> _Instructions to follow_
Leaving pictures out, repeat word for word the line that has "Puntos y retazos" and each line that follows it to the end of the listing.

> _Recorded data_
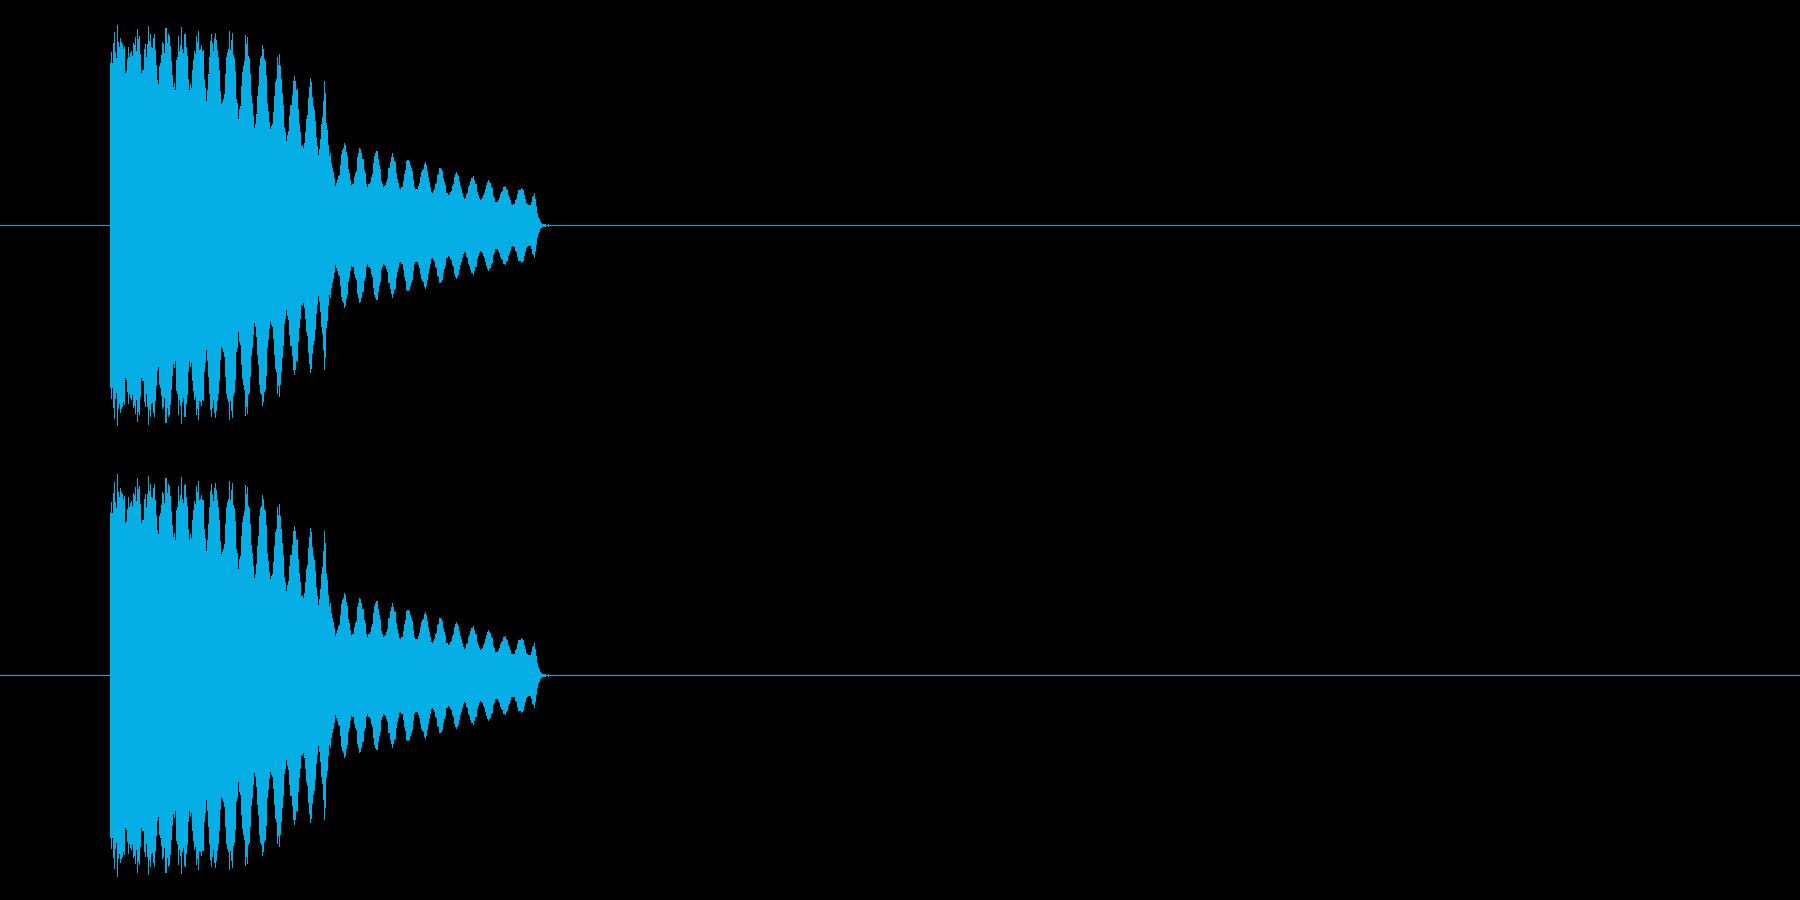 【GB 汎用02-02(ピッチ)】 の再生済みの波形
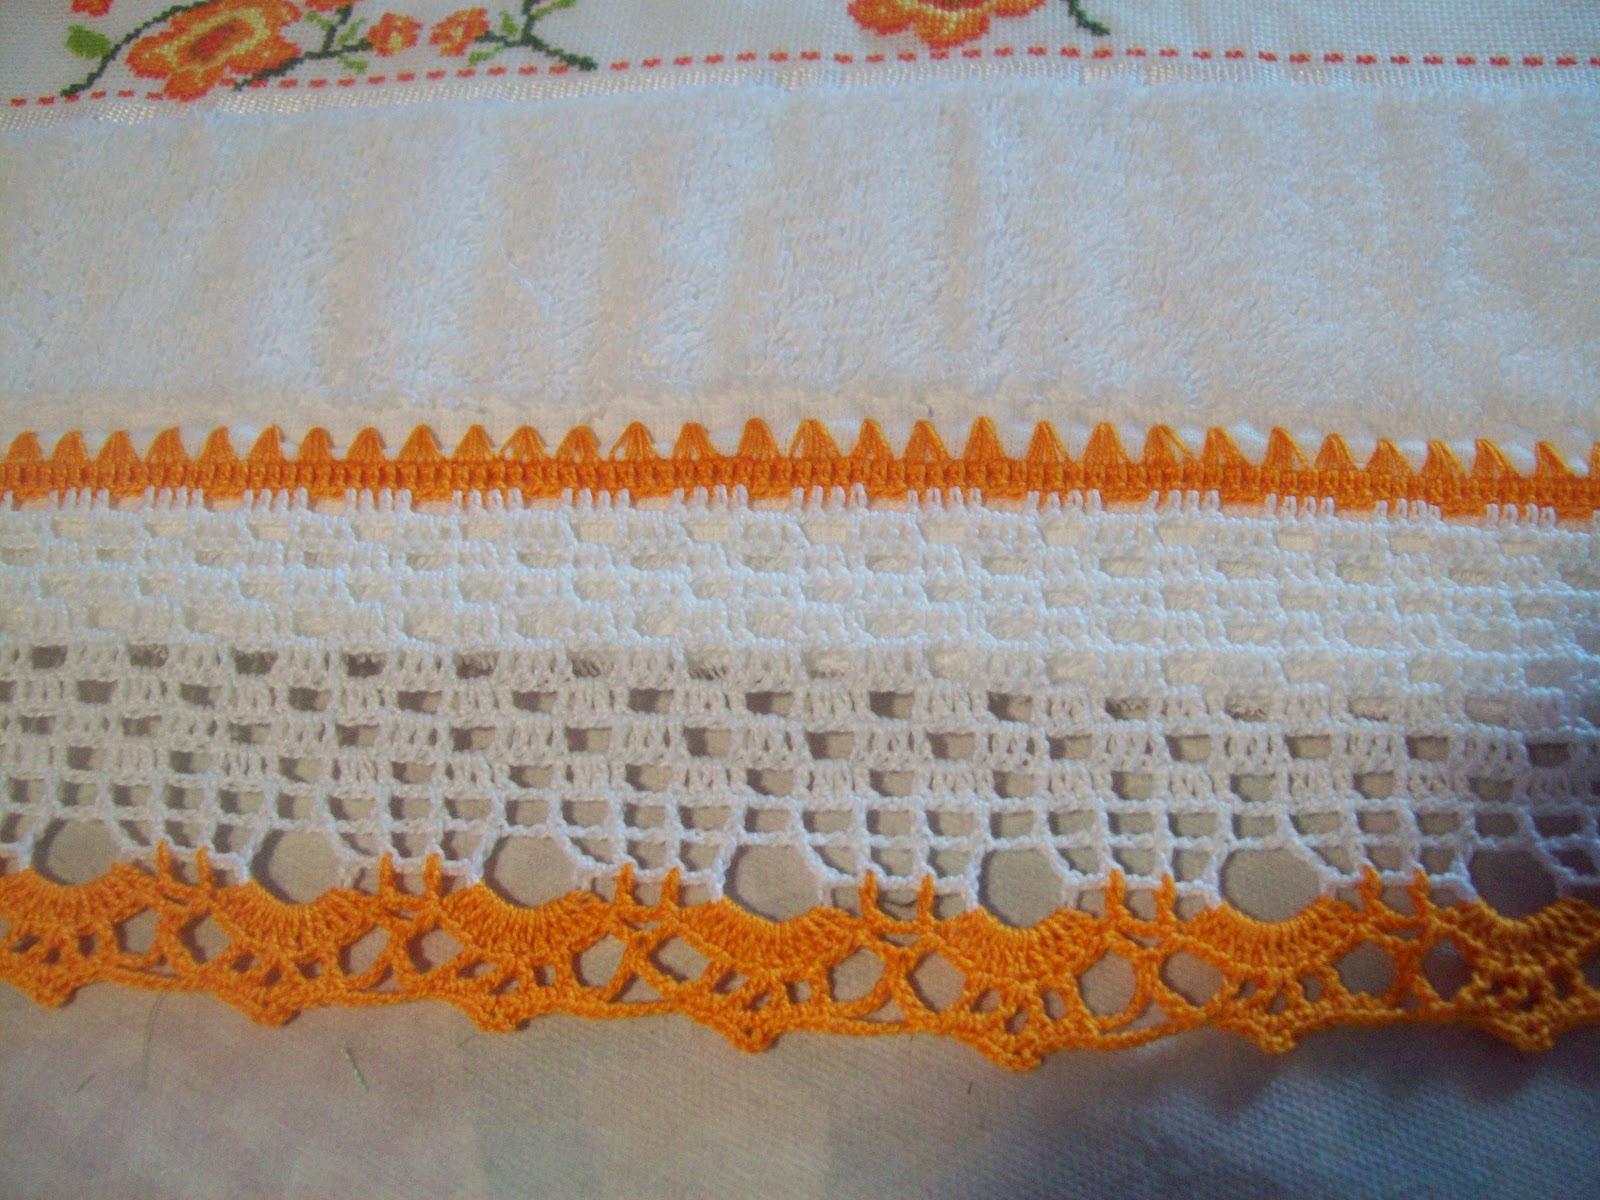 Puntos y retazos puntilla en crochet para toalla - Cosas para hacer de ganchillo ...
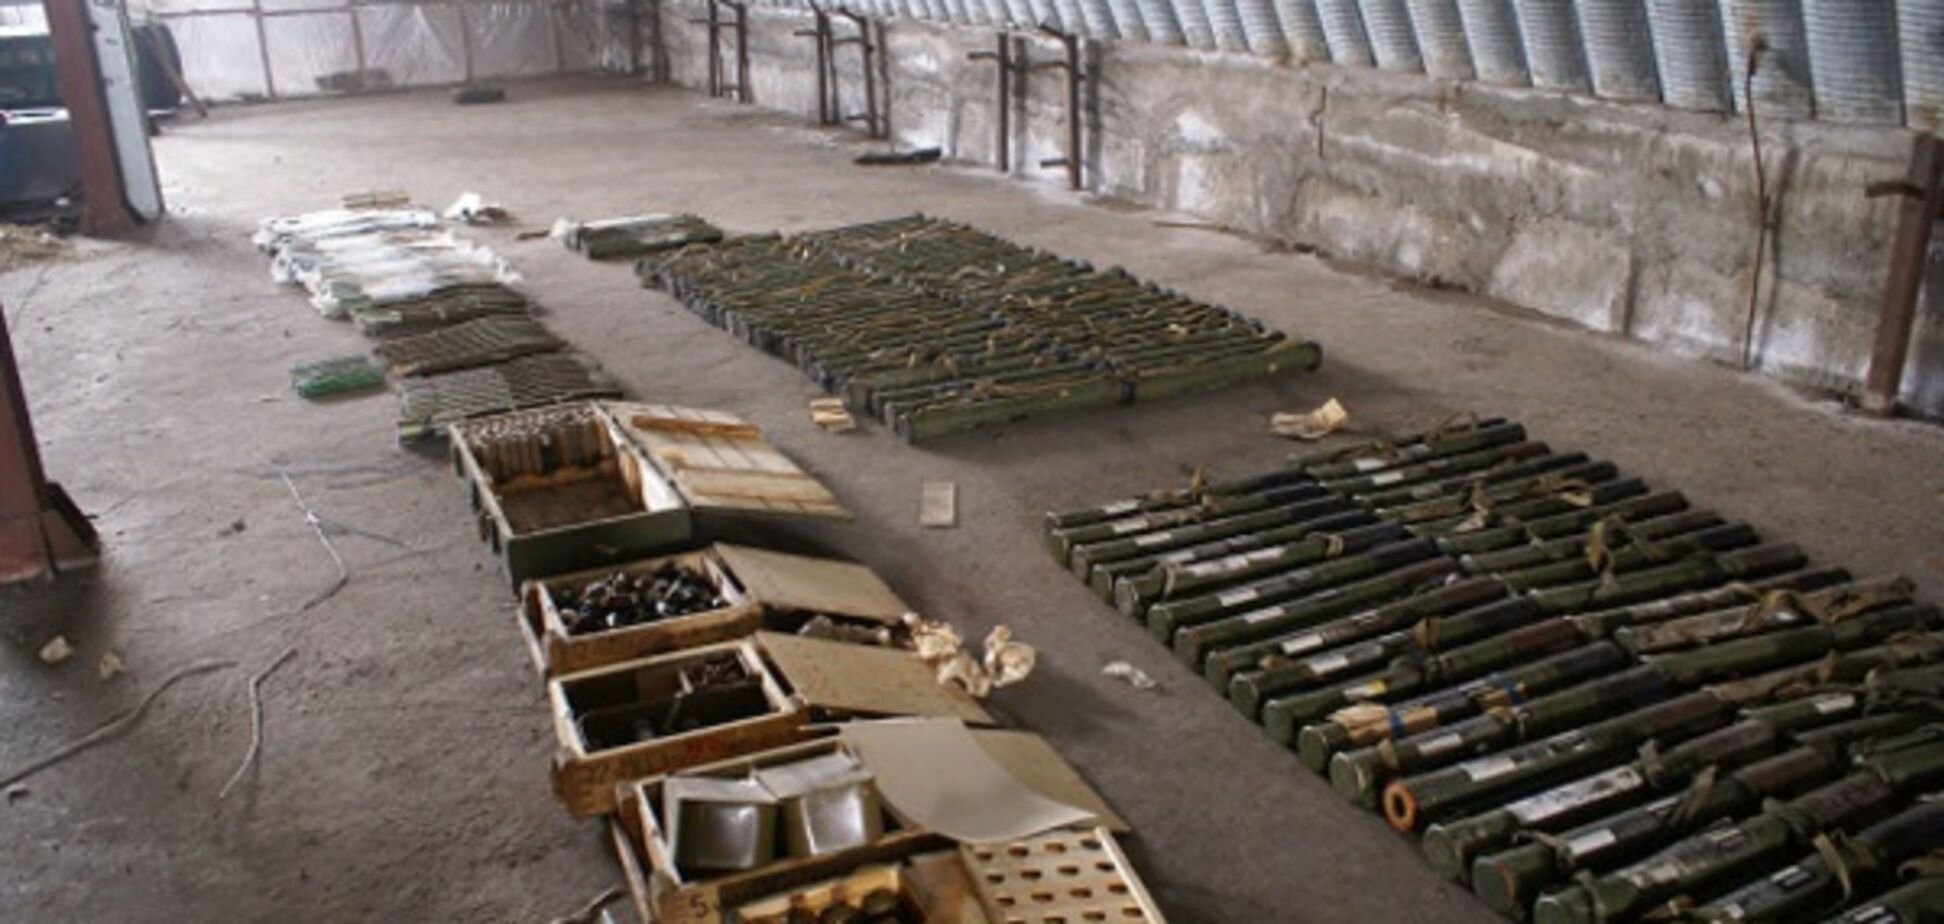 Под Запорожьем обнаружили огромный незаконный арсенал (ФОТО, ВИДЕО)

> _Result below_
 Puntos y retazos puntilla en crochet para toalla - Cosas para hacer de ganchillo ...
 Под Запорожьем обнаружили огромный незаконный арсенал (ФОТО, ВИДЕО)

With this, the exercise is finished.